[EXTRACTED ENTRIES Boundary: Start]

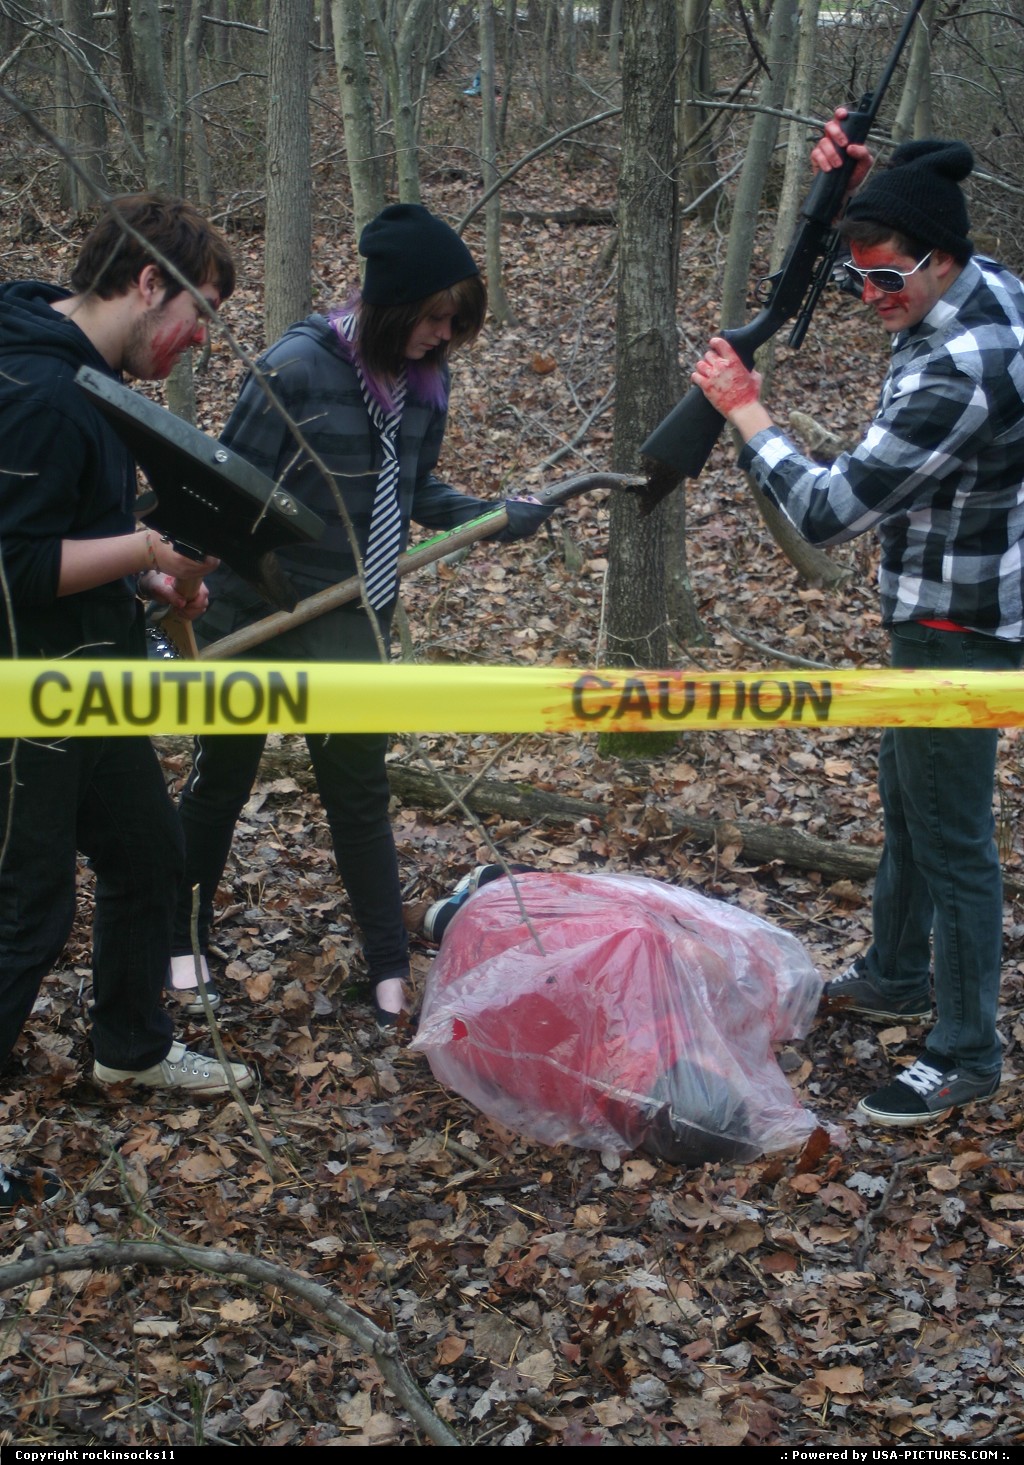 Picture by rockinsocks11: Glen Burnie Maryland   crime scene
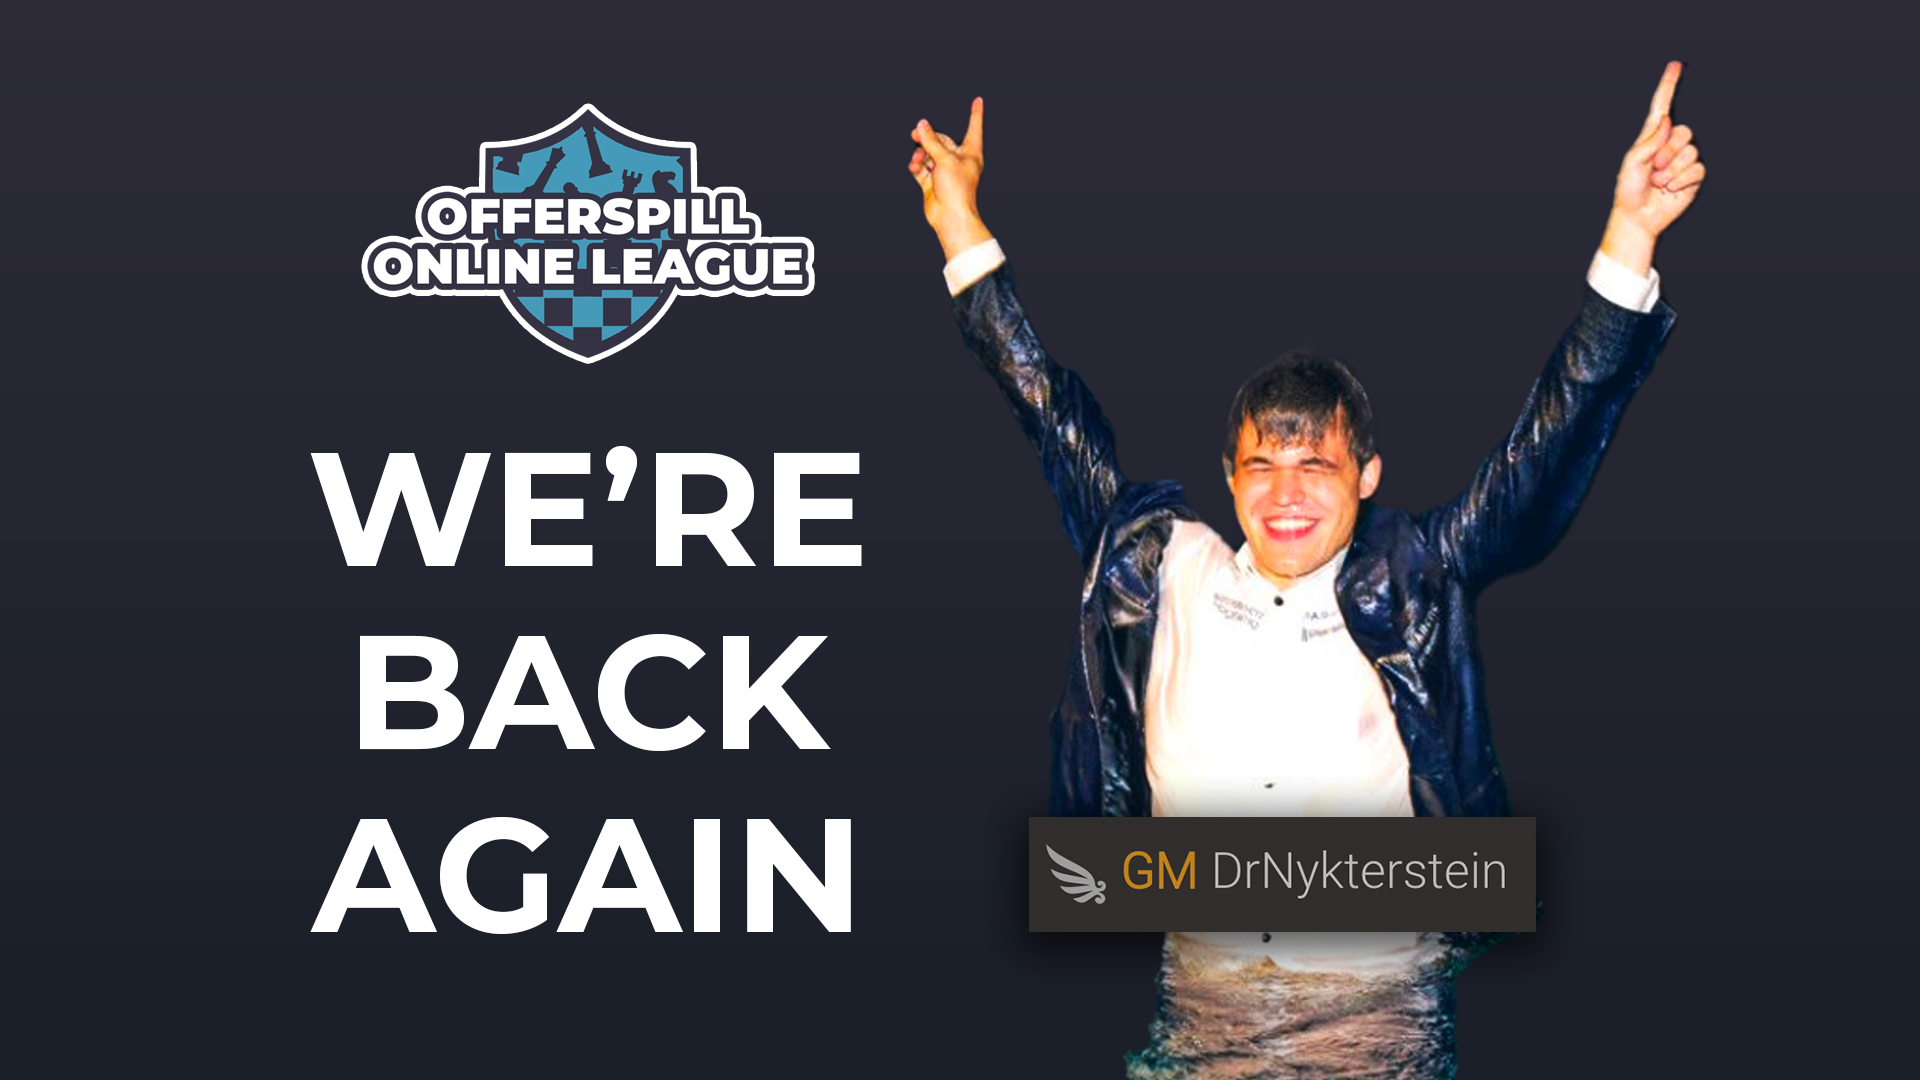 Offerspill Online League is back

[EXTRACTED ENTRIES Boundary: End]
[EXTRACTED ENTRIES Boundary: Start]

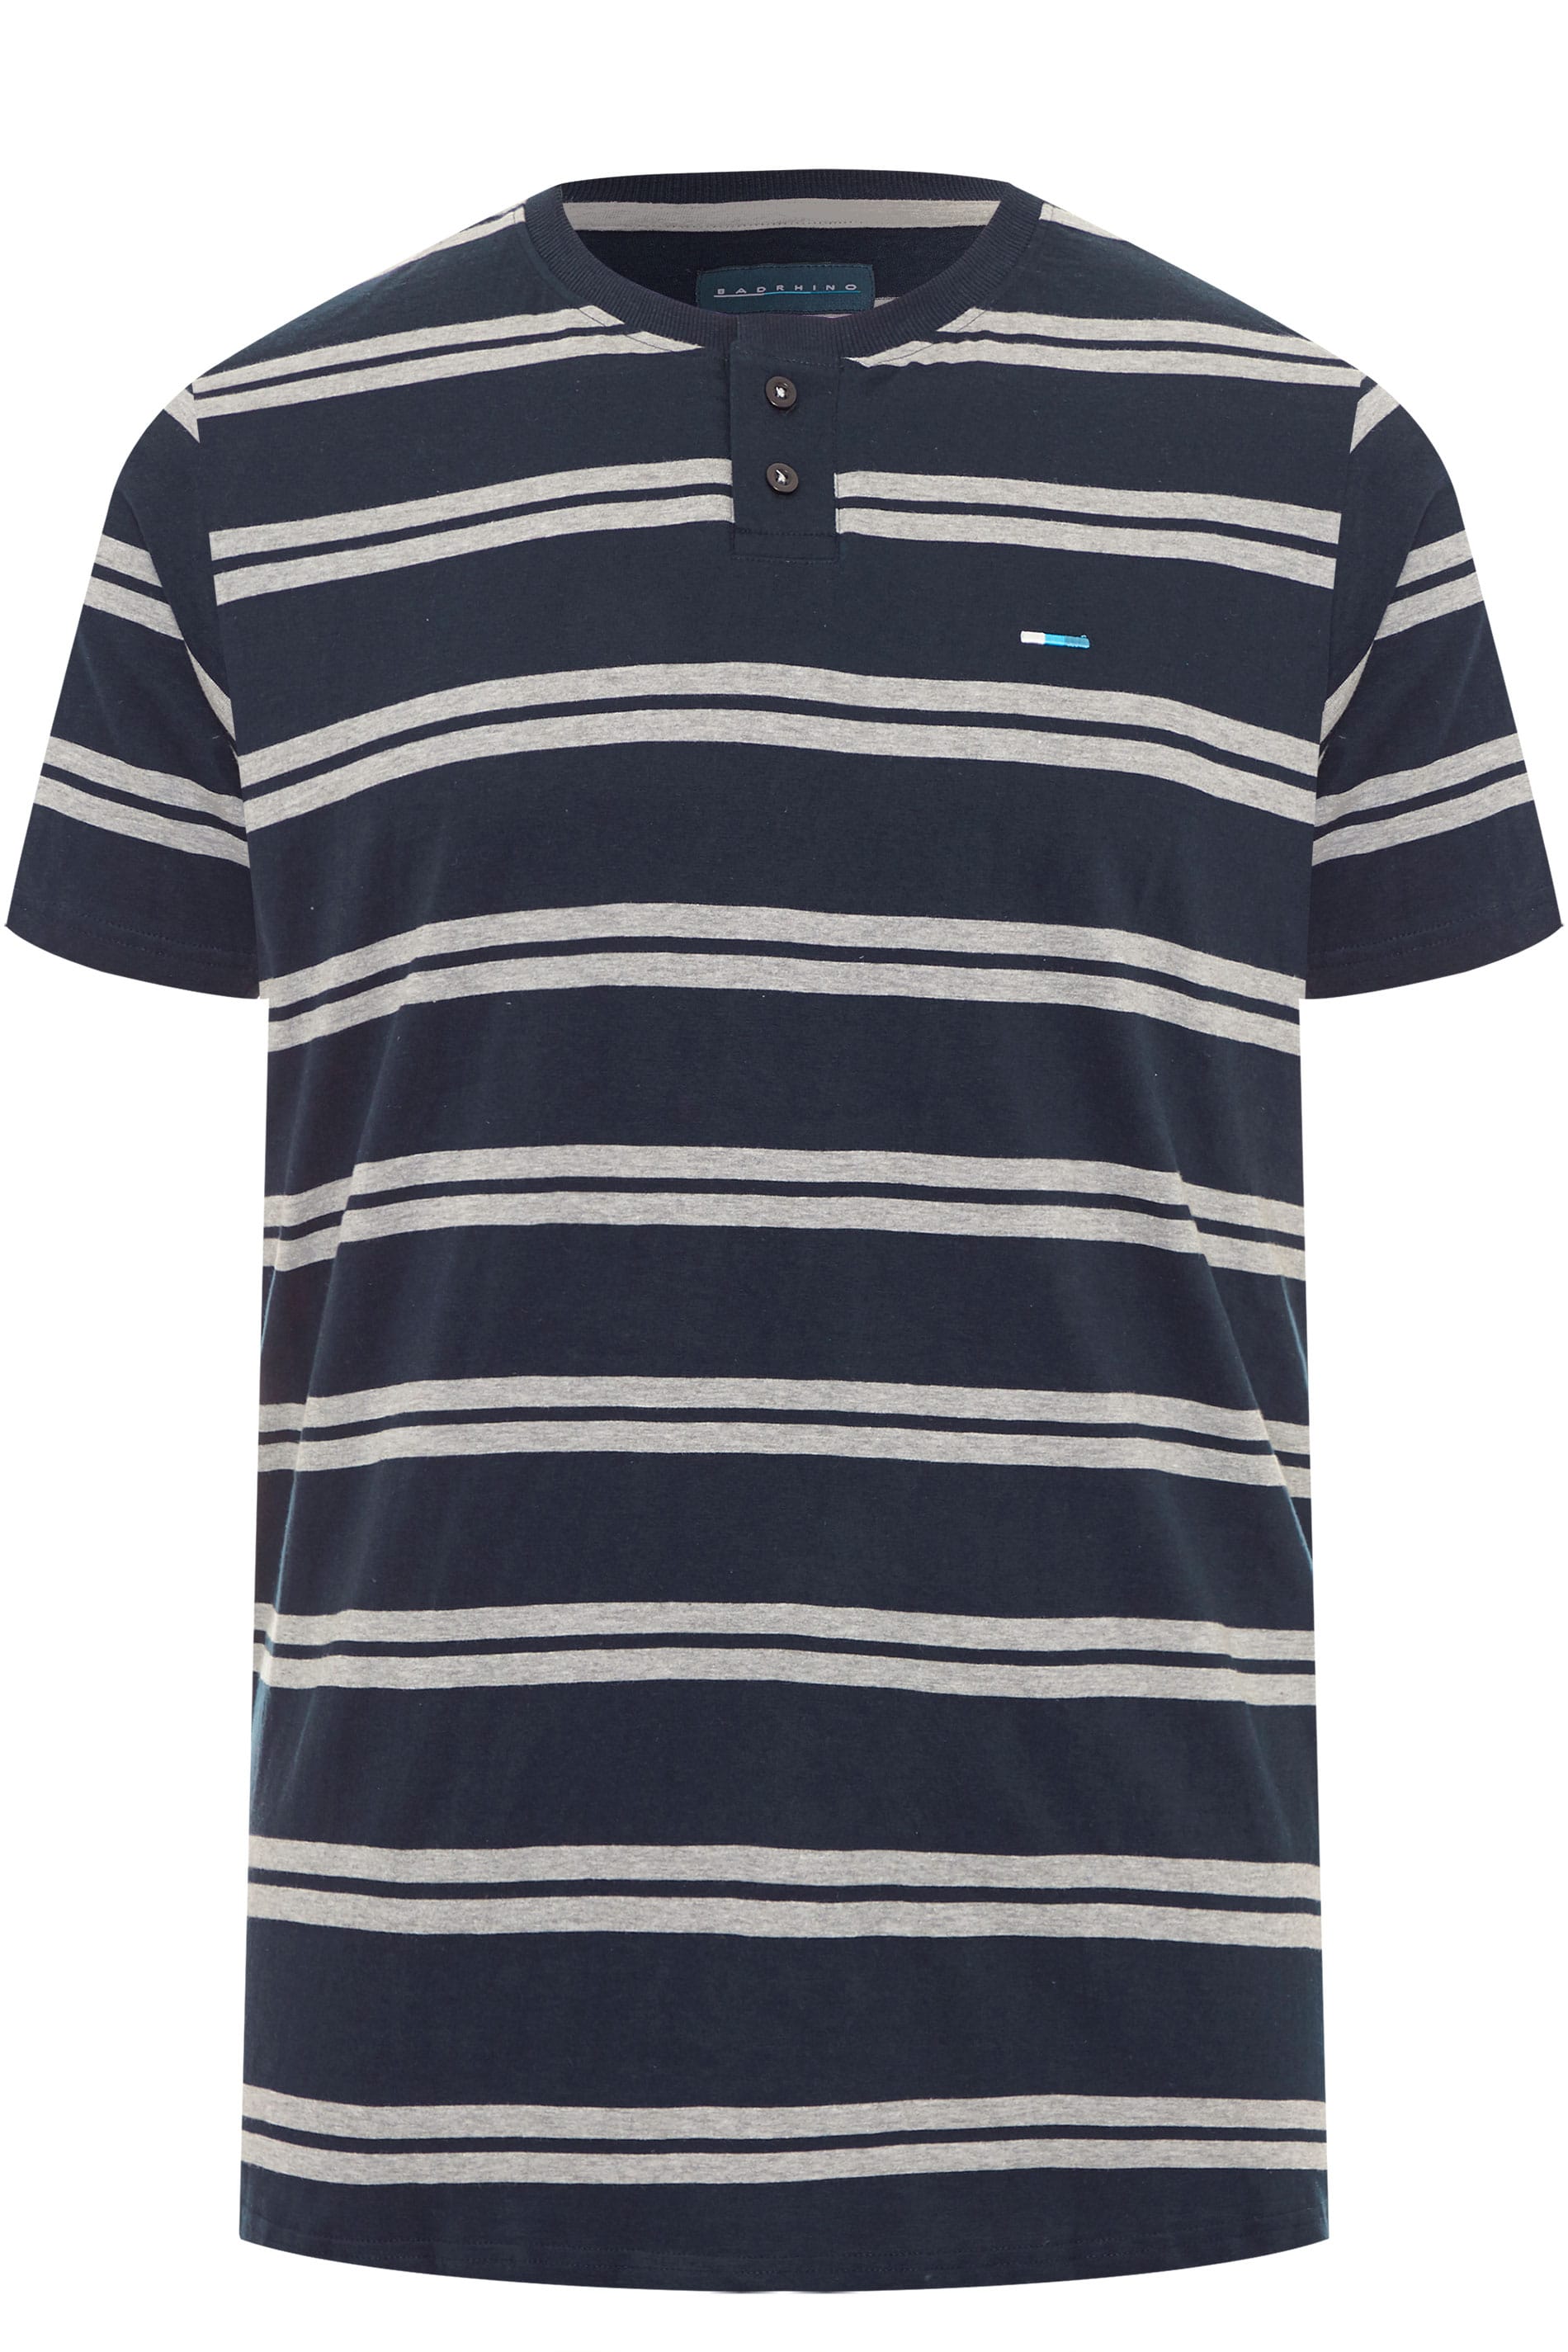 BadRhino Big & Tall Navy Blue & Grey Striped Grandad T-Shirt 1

[EXTRACTED ENTRIES Boundary: End]

◆ **PROBLEM STATEMENT**
Within the entries above, the lines from the one containing "Picture by rockinsocks11: Glen" through the one containing "Offerspill Online League is back" are to be transcribed exactly, ends included, pictures excluded.

◆ **OUTPUT FOR THIS TASK**
 Picture by rockinsocks11: Glen Burnie Maryland   crime scene
 Offerspill Online League is back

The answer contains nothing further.